The test dataset contains sentence pairs coming from the following:
1) Spanish news articles (news)
2) Wikipedia articles (wikipedia)
The datasets have been derived as follows:
- STS.input.news.txt: The sentences are extracted from recent newspaper articles (2014) published in Spanish publications from around the world. The articles were mined from the Google News Spanish service http://news.google.es/.
- STS.input.wikipedia.txt: The sentences were selected from a December 2013 dump of the Spanish version of Wikipedia.
NOTE: Participant systems should NOT use the following datasets to develop or train their systems:
- Spanish version of Wikipedia for the Wikipedia test set.
Input format
The input files consist of two fields separated by tabs:
- first sentence (does not contain tabs)
- second sentence (does not contain tabs)
Please check any of STS.input.*.txt files.
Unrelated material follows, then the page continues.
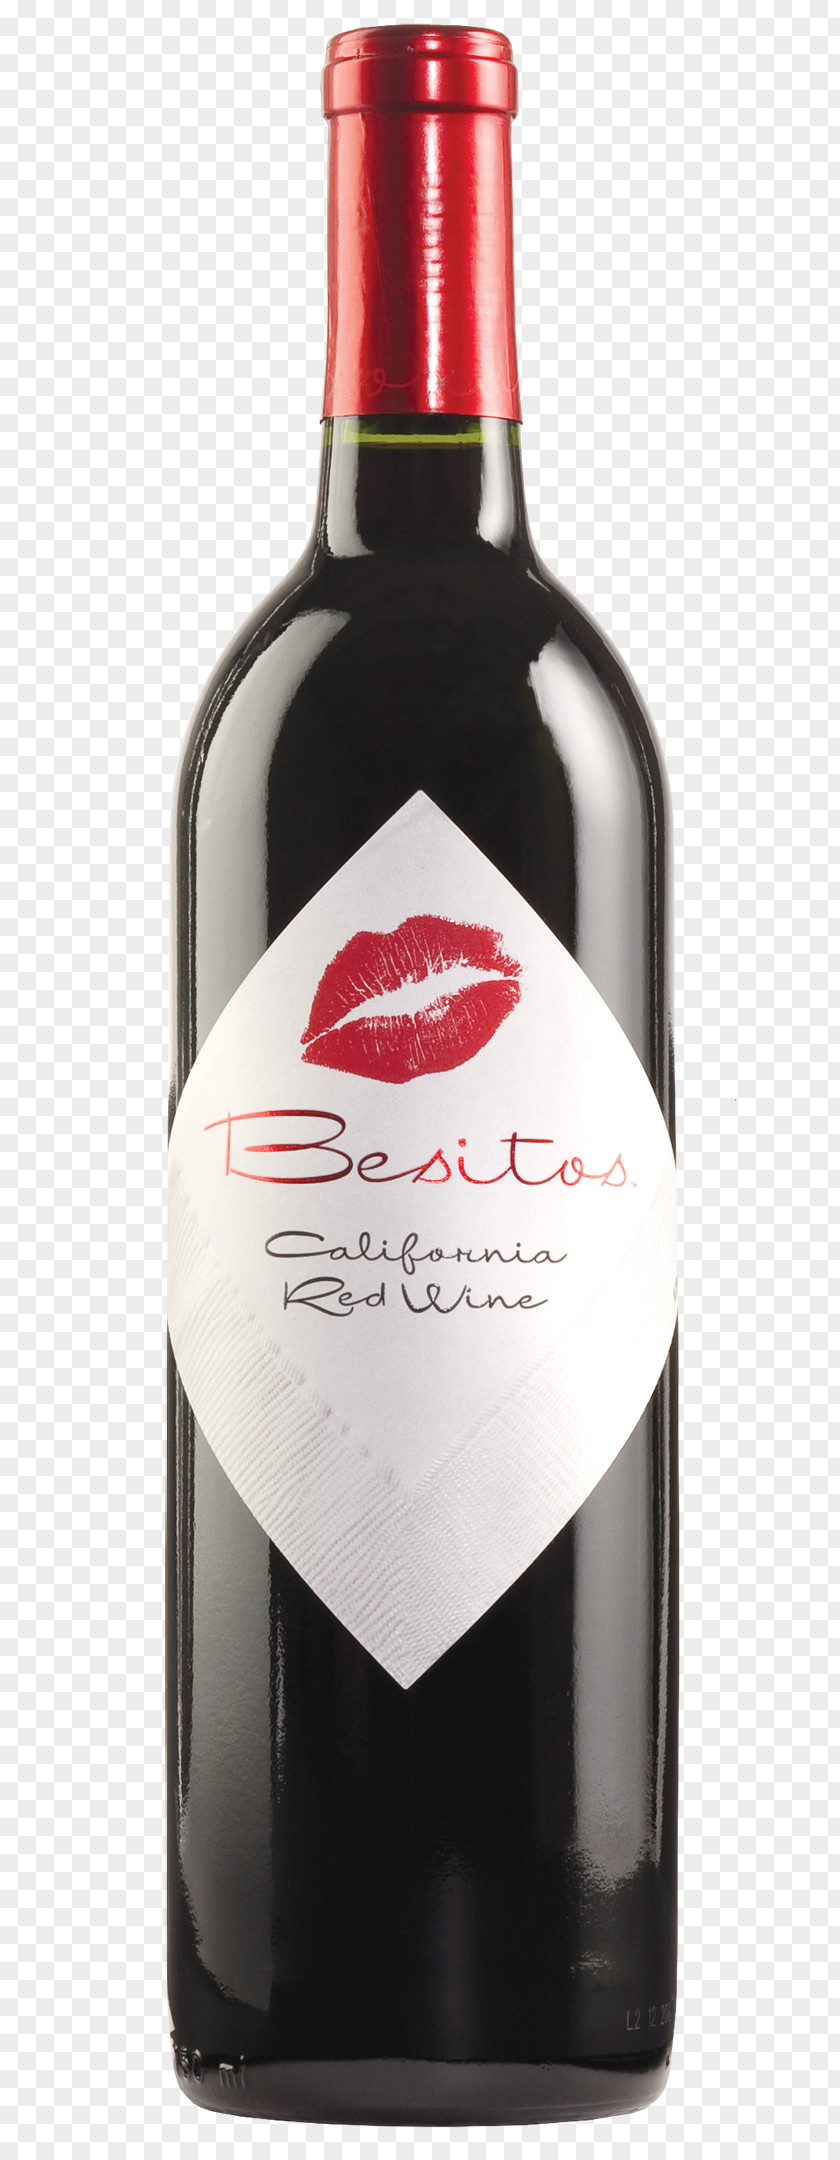 Bottle Image, Free Download Image Of Red Wine Beer Distilled Beverage Muscat PNG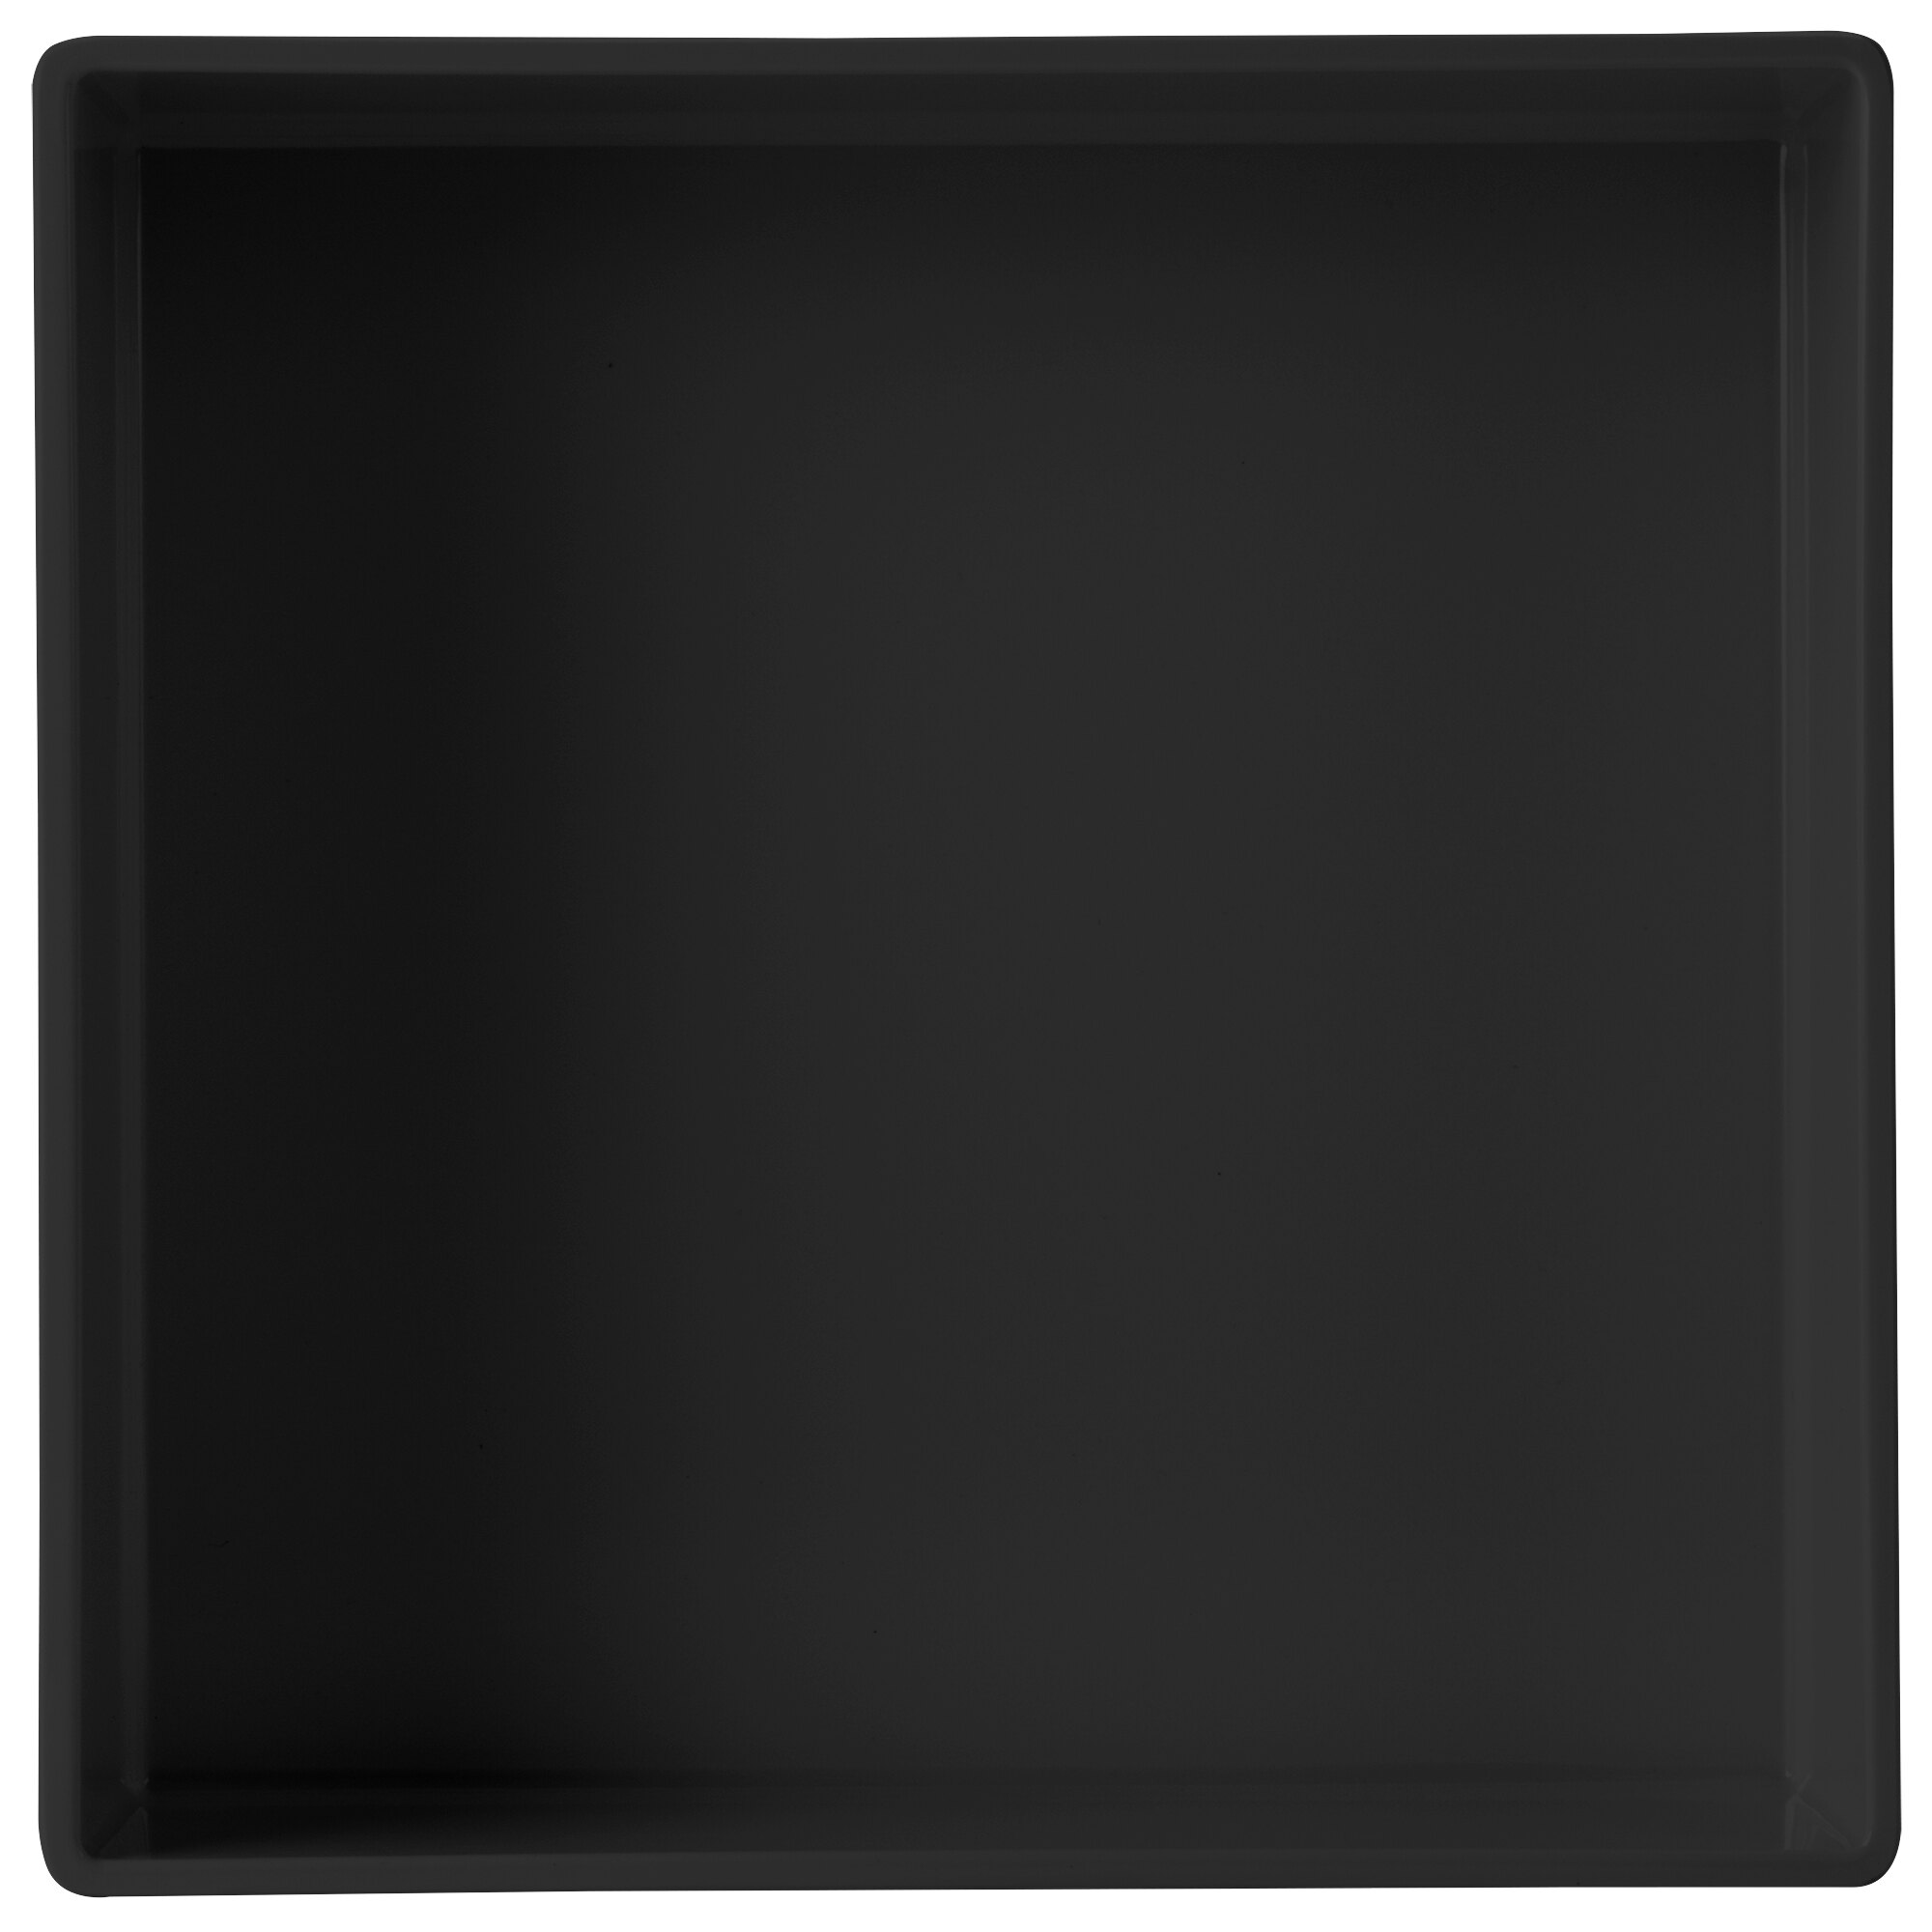 Cal-Mil 1393-13M Cater Choice Black Melamine Box - 10

The file encoding is UTF8 (to correctly render diacritics).
Gold Standard
The gold standard contains a score between 0 and 4 for each pair of sentences, with the following interpretation:
(4) The two sentences are completely equivalent, as they mean the same thing.
The bird is bathing in the sink.
Birdie is washing itself in the water basin.
El pájaro se esta bañando en el lavabo.
El pájaro se está lavando en el aguamanil.
(3) The two sentences are mostly equivalent, but some details differ.
John said he is considered a witness but not a suspect.
"He is not a suspect anymore." John said.
John dijo que él es considerado como testigo, y no como sospechoso.
"Él ya no es un sospechoso," John dijo.
(2) The two sentences are roughly equivalent, but some important information differs/missing.
They flew out of the nest in groups.
They flew into the nest together.
Ellos volaron del nido en grupos.
Volaron hacia el nido juntos.
(1) The two sentences are not equivalent, but are on the same topic.
The woman is playing the violin.
The young lady enjoys listening to the guitar.
La mujer está tocando el violín.
La joven disfruta escuchar la guitarra.
(0) The two sentences are on different topics.
John went horse back riding at dawn with a whole group of friends.
Sunrise at dawn is a magnificent view to take in if you wake up early enough for it.
Al amanecer, Juan se fue a montar a caballo con un grupo de amigos.
La salida del sol al amanecer es una magnífica vista que puede presenciar si usted se despierta lo suficientemente temprano para verla.
Answer format
The answer format consists of a similarity score followed by an optional confidence score. Each line has two fields separated by a tab:
- a number between 0 and 4 (the similarity score)
- a number between 0 and 100 (the confidence score)
See file STS.output.wikipedia.es.txt for a sample output file your system should generate. The files you submit should follow the same naming structure: STS.output.*.es.txt, where * is either wikipedia or news.
The use of confidence scores is experimental, and it is not required for the official score.
Scoring
The official score is based on the average of Pearson correlation. The use of confidence scores will be experimental, and it is not required for the official scores.
Participation in the task
Participant teams will be allowed to submit three runs at most.